Deploy an Inference Pipeline

An inference pipeline is an Amazon SageMaker model that is composed of a linear sequence of two to five containers that process requests for inferences on data. You use an inference pipeline to define and deploy any combination of pretrained Amazon SageMaker built-in algorithms and your own custom algorithms packaged in Docker containers. You can use an inference pipeline to combine preprocessing, predictions, and post-processing data science tasks. Inference pipelines are fully managed.

You can add Amazon SageMaker Spark ML Serving and scikit-learn containers that reuse the data transformers developed for training models. The entire assembled inference pipeline can be considered as an Amazon SageMaker model that you can use to make either real-time predictions or to process batch transforms directly without any external preprocessing.

Within an inference pipeline model, Amazon SageMaker handles invocations as a sequence of HTTP requests. The first container in the pipeline handles the initial request, then the intermediate response is sent as a request to the second container, and so on, for each container in the pipeline. Amazon SageMaker returns the final response to the client.

When you deploy the pipeline model, Amazon SageMaker installs and runs all of the containers on each Amazon Elastic Compute Cloud (Amazon EC2) instance in the endpoint or transform job. Feature processing and inferences run with low latency because the containers are co-located on the same EC2 instances. You define the containers for a pipeline model using the CreateModel operation or from the console. Instead of setting one PrimaryContainer, you use the Containers parameter. to set the containers that make up the pipeline You also specify the order in which the containers are executed.

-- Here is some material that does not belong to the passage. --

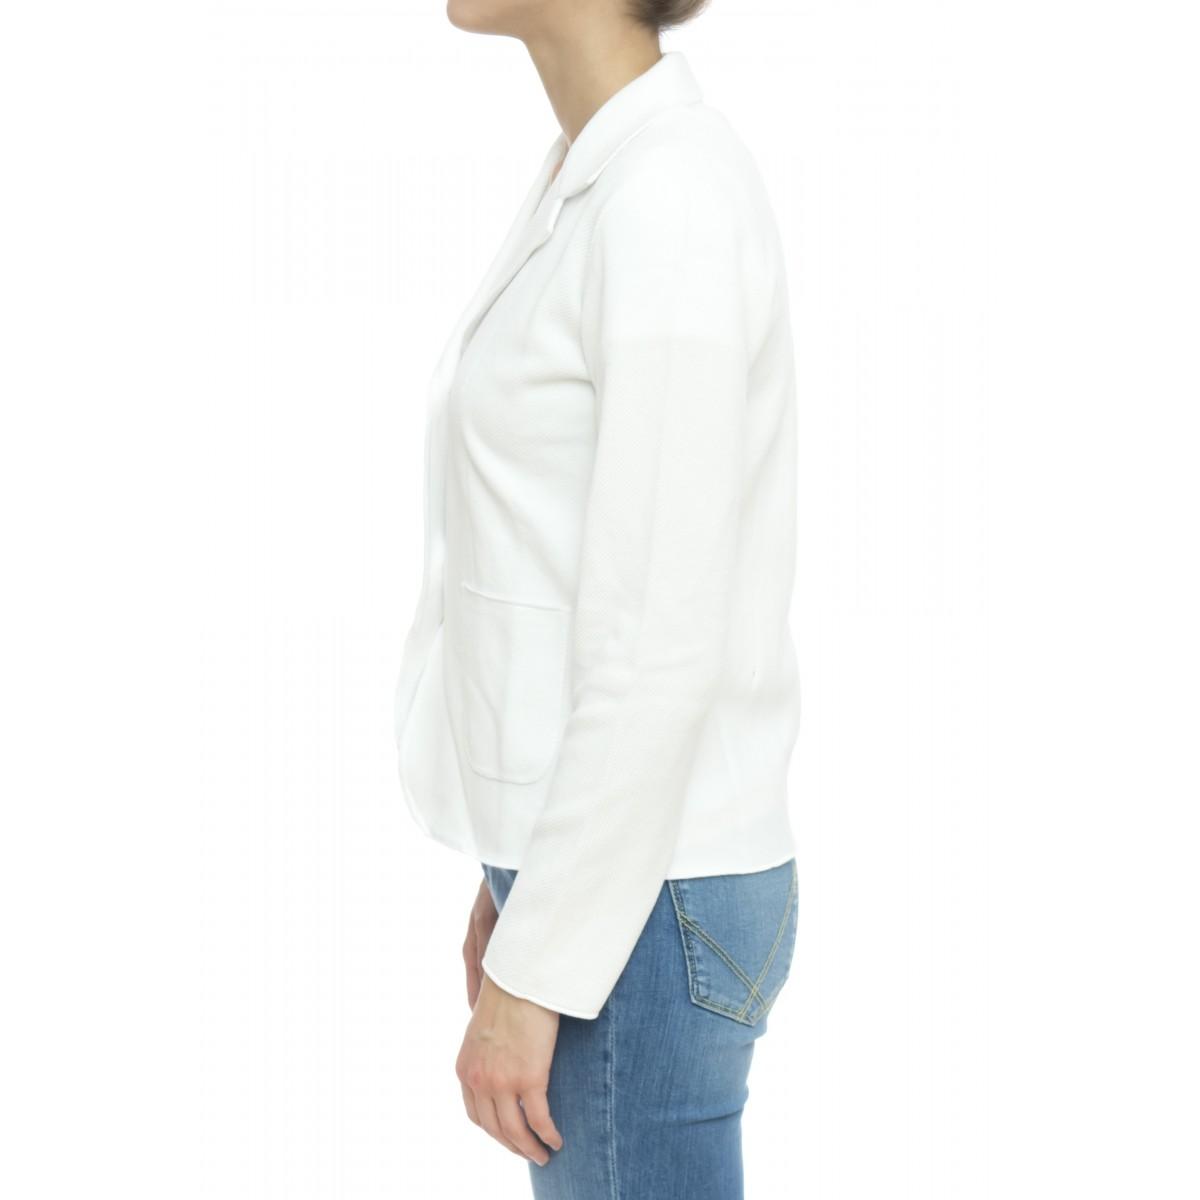 Giacca donna - 510 giacca nido ape
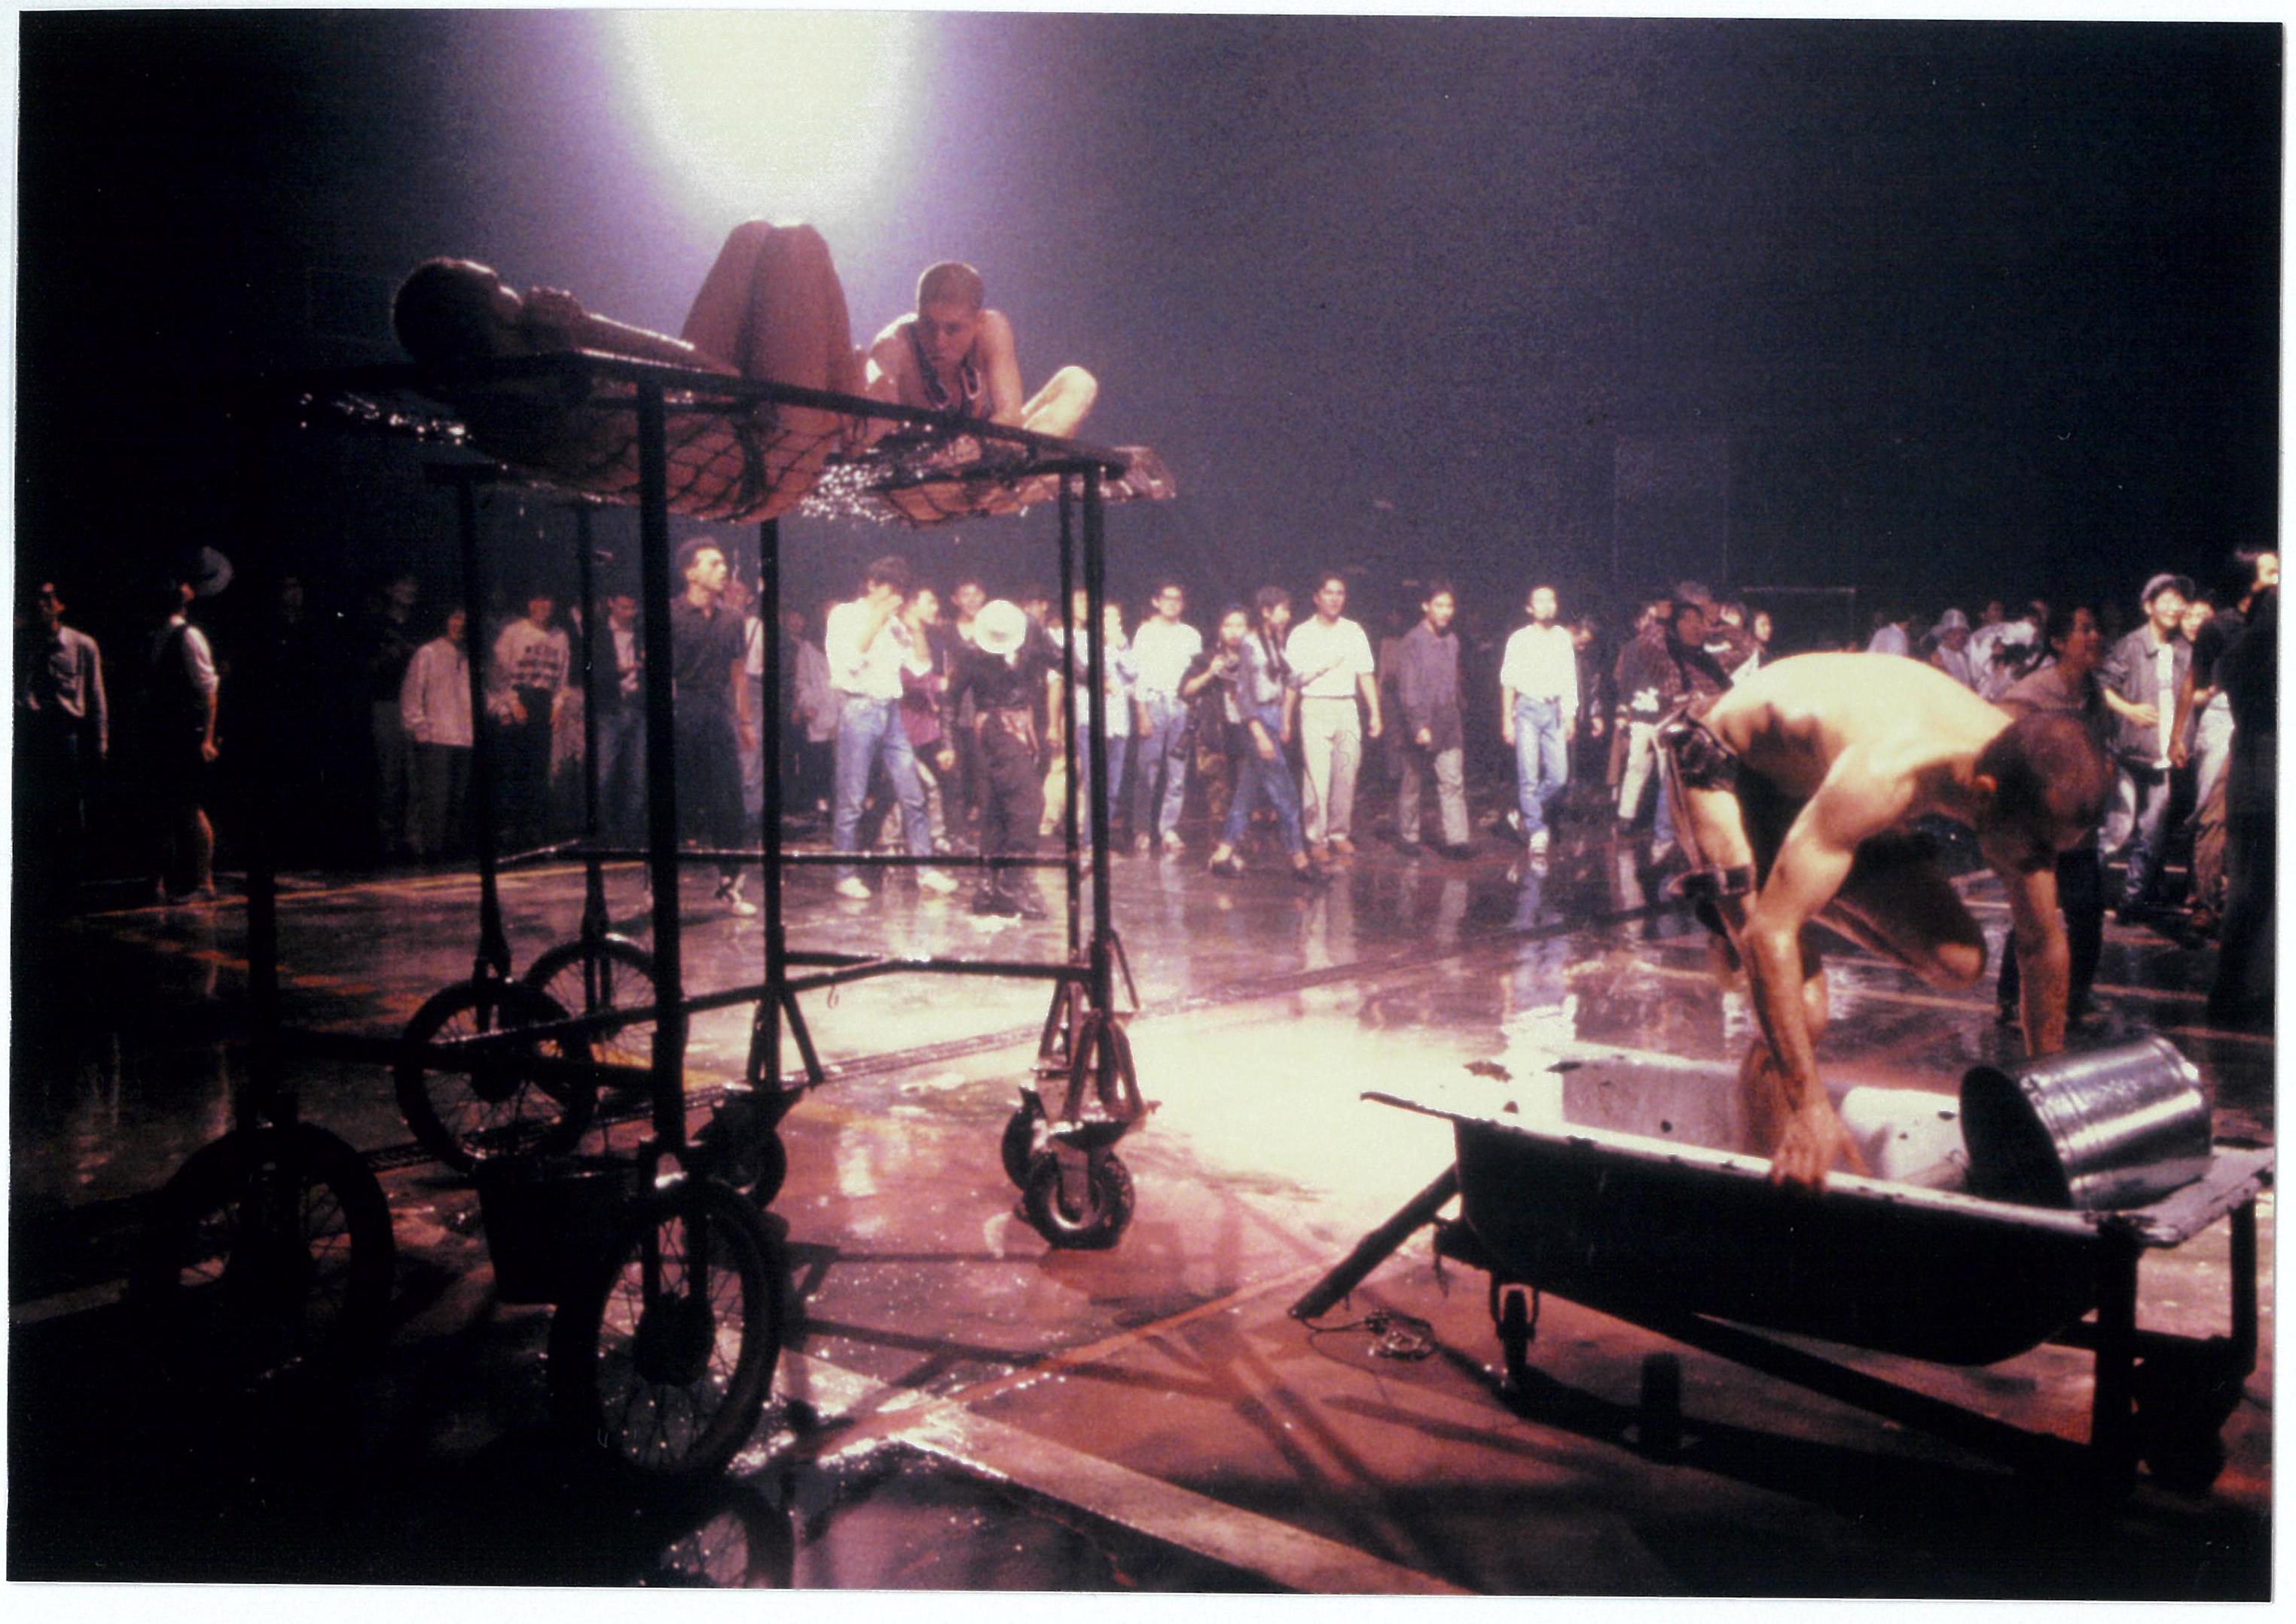 ラ・フーラ・デルス・バウス『Suz/O/Suz』 1989年 ヨコハマ・アート・ウェーブ 宇徳運輸新山下倉庫にて 撮影:宮内勝

A pipeline model is immutable, but you can update an inference pipeline by deploying a new one using the UpdateEndpoint operation. This modularity supports greater flexibility during experimentation.

There are no additional costs for using this feature. You pay only for the instances running on an endpoint.

Topics + Sample Notebooks for Inference Pipelines + Feature Processing with Spark ML and Scikit-learn + Create a Pipeline Model + Run Real-time Predictions with an Inference Pipeline + Run Batch Transforms with Inference Pipelines + Inference Pipeline Logs and Metrics + Troubleshoot Inference Pipelines

For a sample notebook that uploads and processes a dataset, trains a model, and builds a pipeline model, see the Inference Pipelines with Spark ML and XGBoost on Abalone notebook. This notebook shows how you can build your machine learning pipeline by using Spark feature Transformers and the Amazon SageMaker XGBoost algorithm. After training the model, the sample shows how to deploy the pipeline (feature Transformer and XGBoost) for real-time predictions and also performs a batch transform job using the same pipeline.

For more examples that show how to create and deploy inference pipelines, see the Inference Pipelines with SparkML and BlazingText on DBPedia and Training using SparkML on EMR and hosting on SageMaker sample notebooks. For instructions on creating and accessing Jupyter notebook instances that you can use to run the example in Amazon SageMaker, see Use Notebook Instances.

To see a list of all the Amazon SageMaker samples, after creating and opening a notebook instance, choose the SageMaker Examples tab. There are three inference pipeline notebooks. The first two inference pipeline notebooks just described are located in the advanced_functionality folder and the third notebook is in the sagemaker-python-sdk folder. To open a notebook, choose its Use tab, then choose Create copy.